Researchers found that residential treatment facilities often do not administer the behavioral treatment outlined in the plans, and instead, children spend most of their time with unqualified general staff. Additionally, they said the facilities limit communication between children and their families, hold children for long periods of time, do not involve guardians in developing treatment plans, and do not provide quality discharge plans.

The report cites examples of one facility where 110 restraints and seclusions occurred in just 30 days and another where an employee who routinely sexually assaulted a child was found to have been moved to a different wing rather than fired. The staff then approached the boy’s window every night and planned to continue the abuse after the boy left the facility, investigators said.

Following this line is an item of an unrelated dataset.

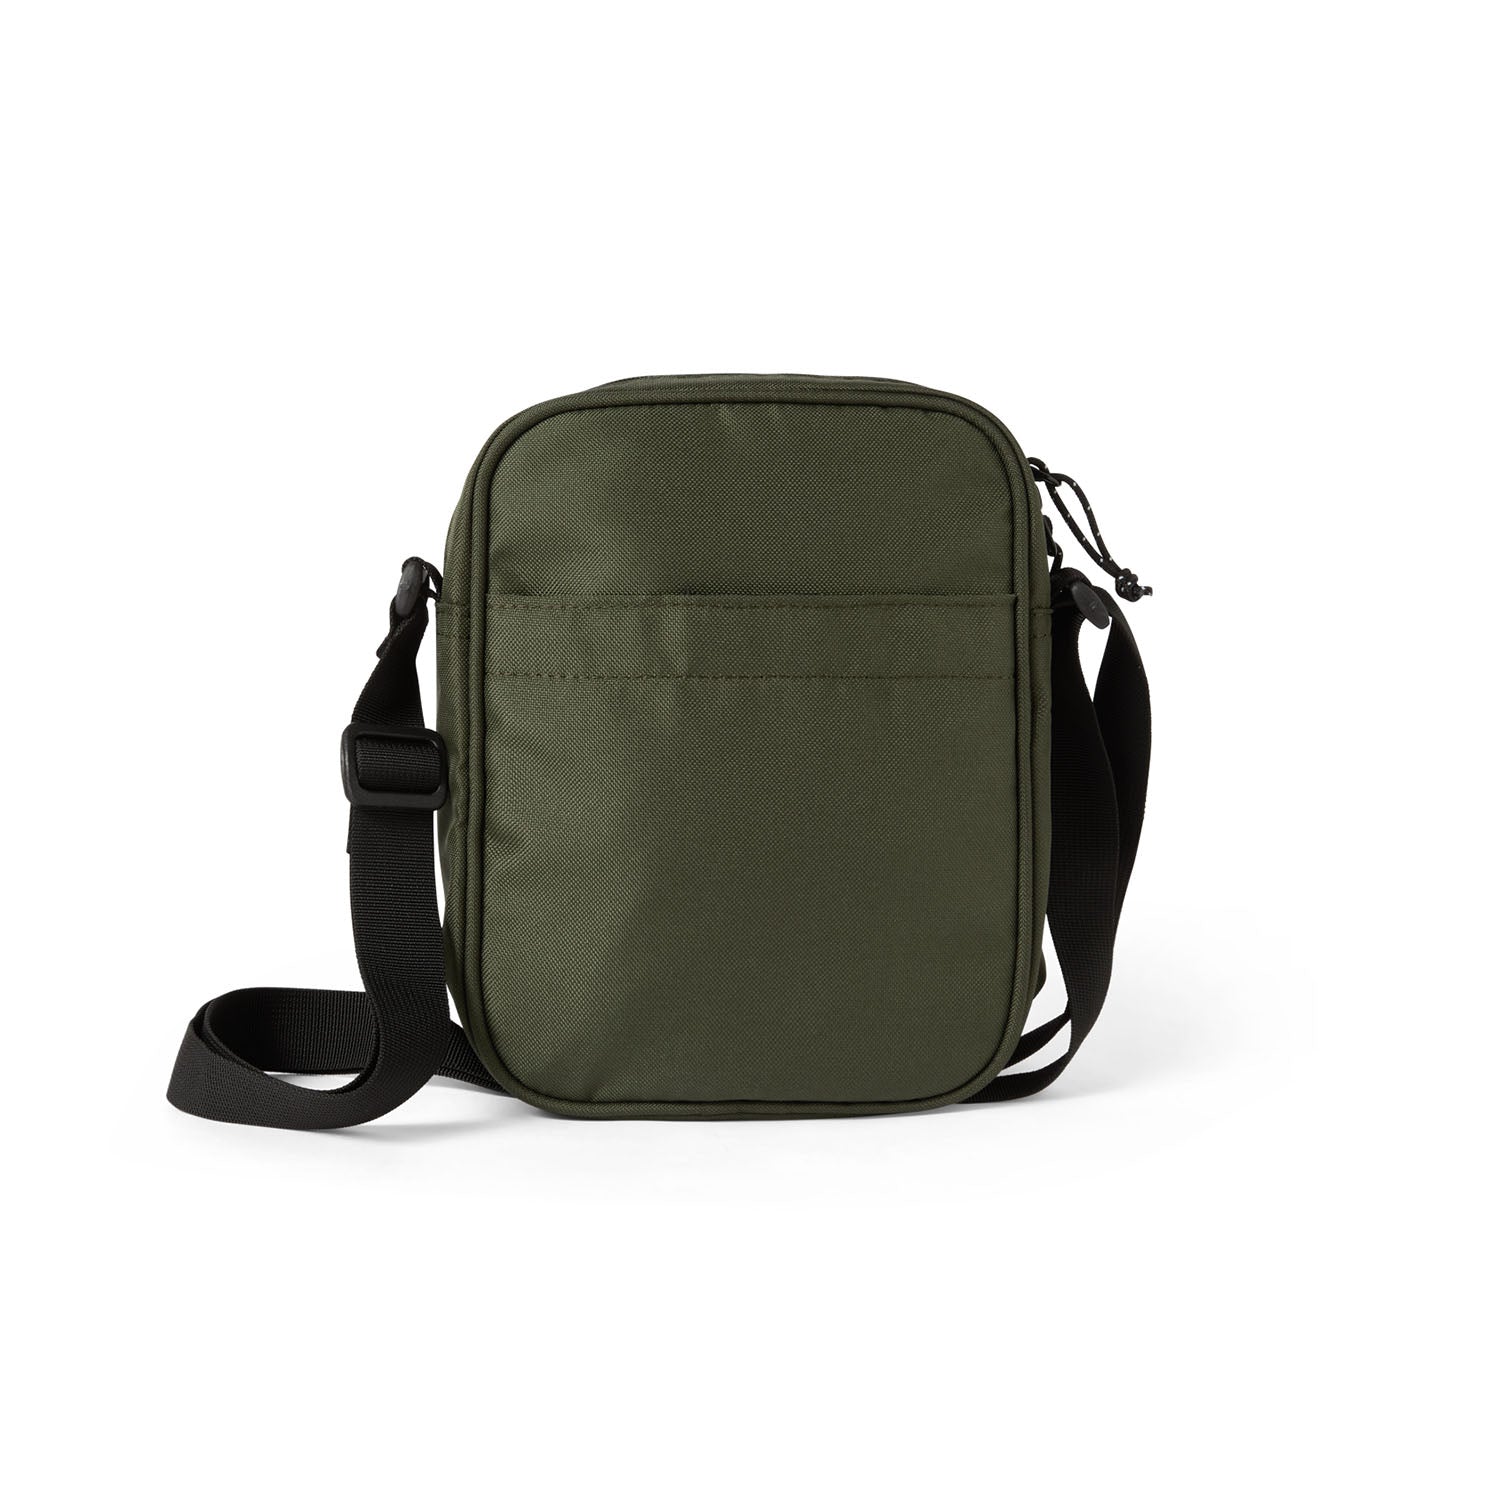 Cordura Dealer Bag, Army Green
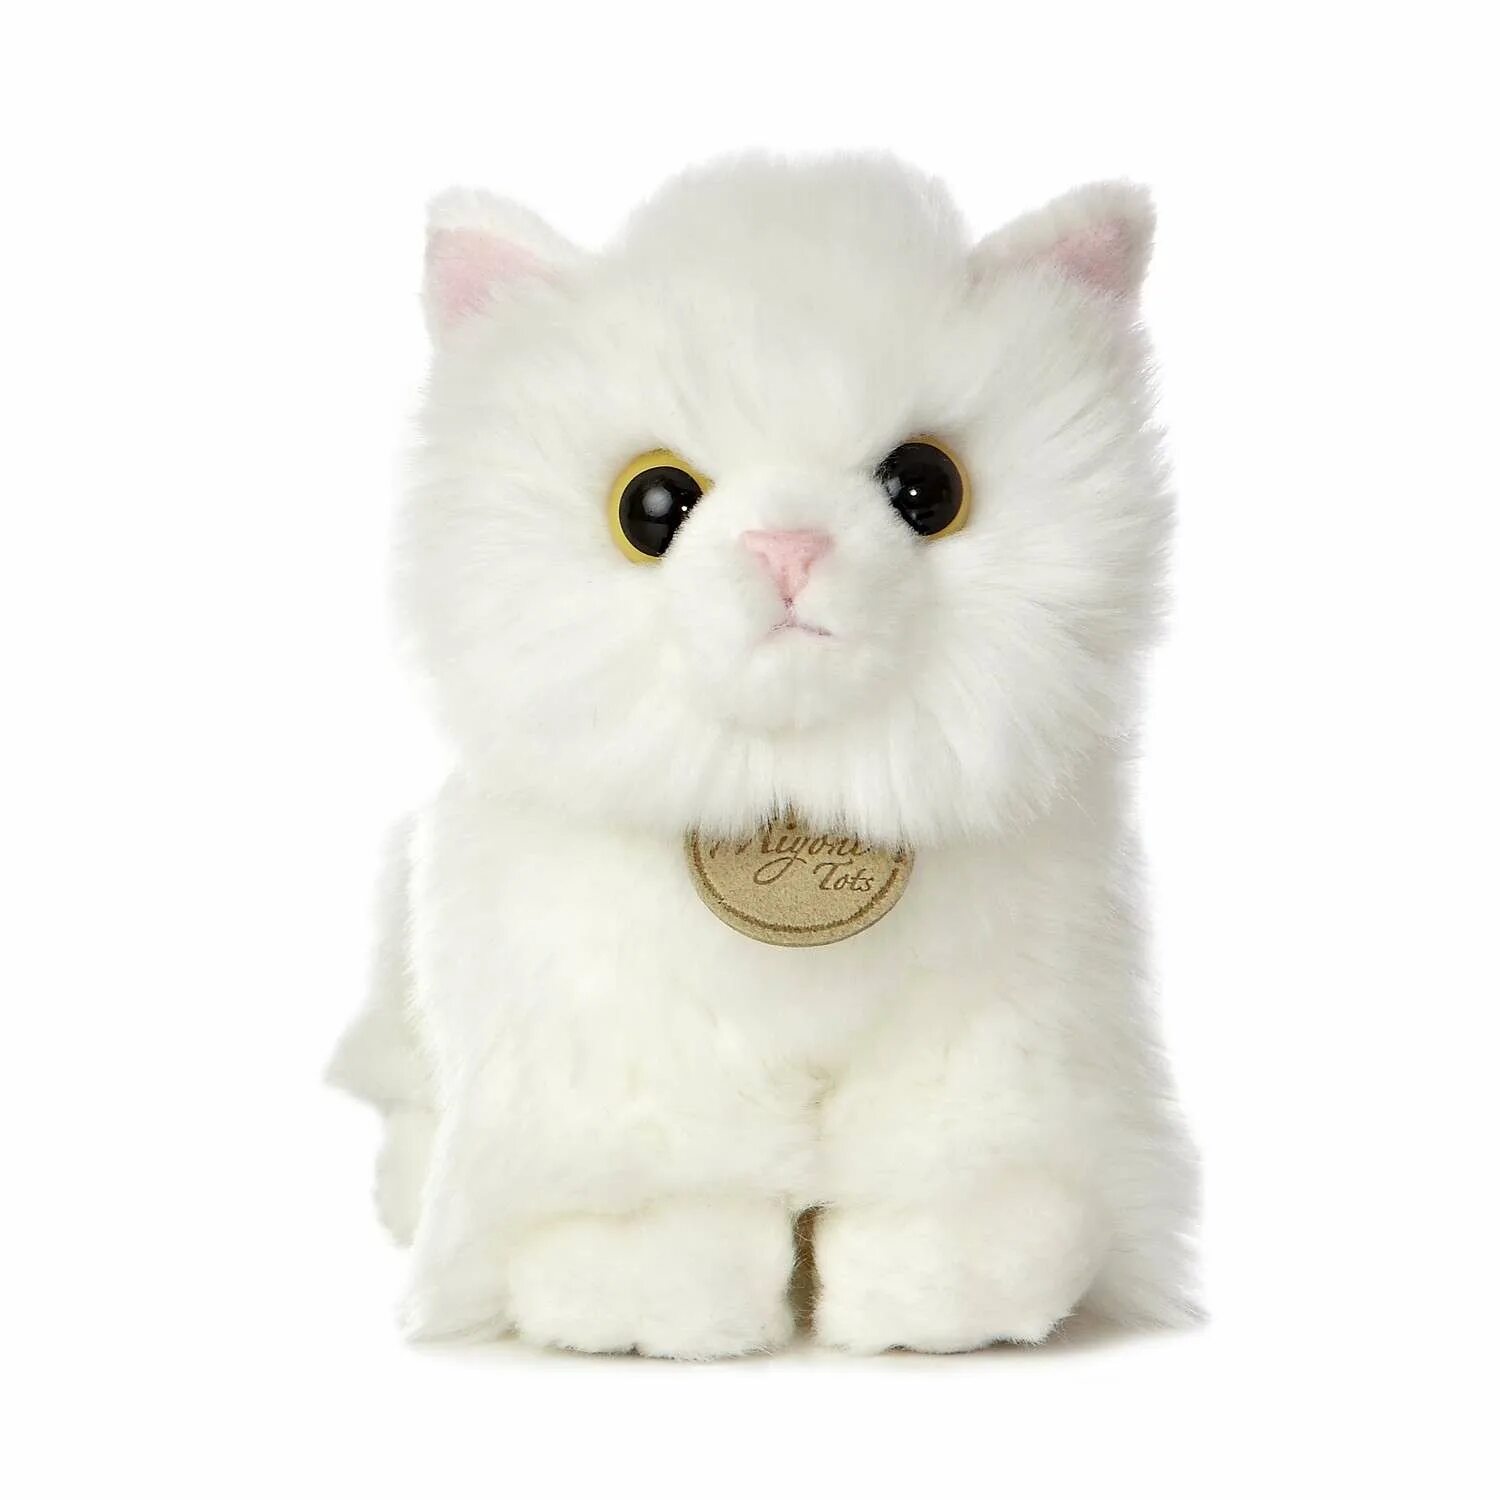 Белую кошку белую кошку игрушку. Мягкая игрушка Aurora ангорский котёнок 20 см. Игрушки Aurora Miyoni. Aurora 7.5 Miyoni Angora Kitten Plush stuffed animal Toy 26220 brand New. Игрушки Aurora Miyoni кошки.

In other cases, children have died due to staff actions or suicide, according to the report.

Meanwhile, much of the care provided in residential treatment centers is paid for with federal dollars, primarily from Medicaid or the child welfare system, Wyden noted. In some cases, she said, Medicaid pays more than $1,200 per child each day.

The report urges state and local governments, federal agencies, accrediting bodies, and residential treatment facilities to take steps to improve standards and oversight and prioritize community-based services. Wyden said he plans to introduce federal legislation to promote the recommendations.

Marc Miller, president and CEO of Universal Health Systems, was invited to testify before the Senate Finance Committee, but declined. In a statement, the company rejected the results of the investigation.

“The report attempts to extrapolate certain incidents and survey reports into a false narrative about the treatment provided, the environment of care, and regulatory compliance at our facilities. “We vehemently discussed this characterization of our facilities,” the company stated. “While even a single incident of damage is one too many, we have provided information demonstrating that rates of such occurrences are extremely rare across the UHS spectrum and refutes this inaccurate description.”

Acadia Healthcare officials responded to the report by saying they are “committed to doing everything in our power to ensure that all patients in Acadia’s care receive the support and compassionate treatment they deserve” and noted that the incidents mentioned in the report occurred almost five years ago or more.

Devereux Advanced Behavioral Health said “personal well-being, safety and individualized treatment success” are its top priorities and that, as a nonprofit, the organization invests revenue and donations in care.

Representatives for Vivant Behavioral Healthcare could not be reached.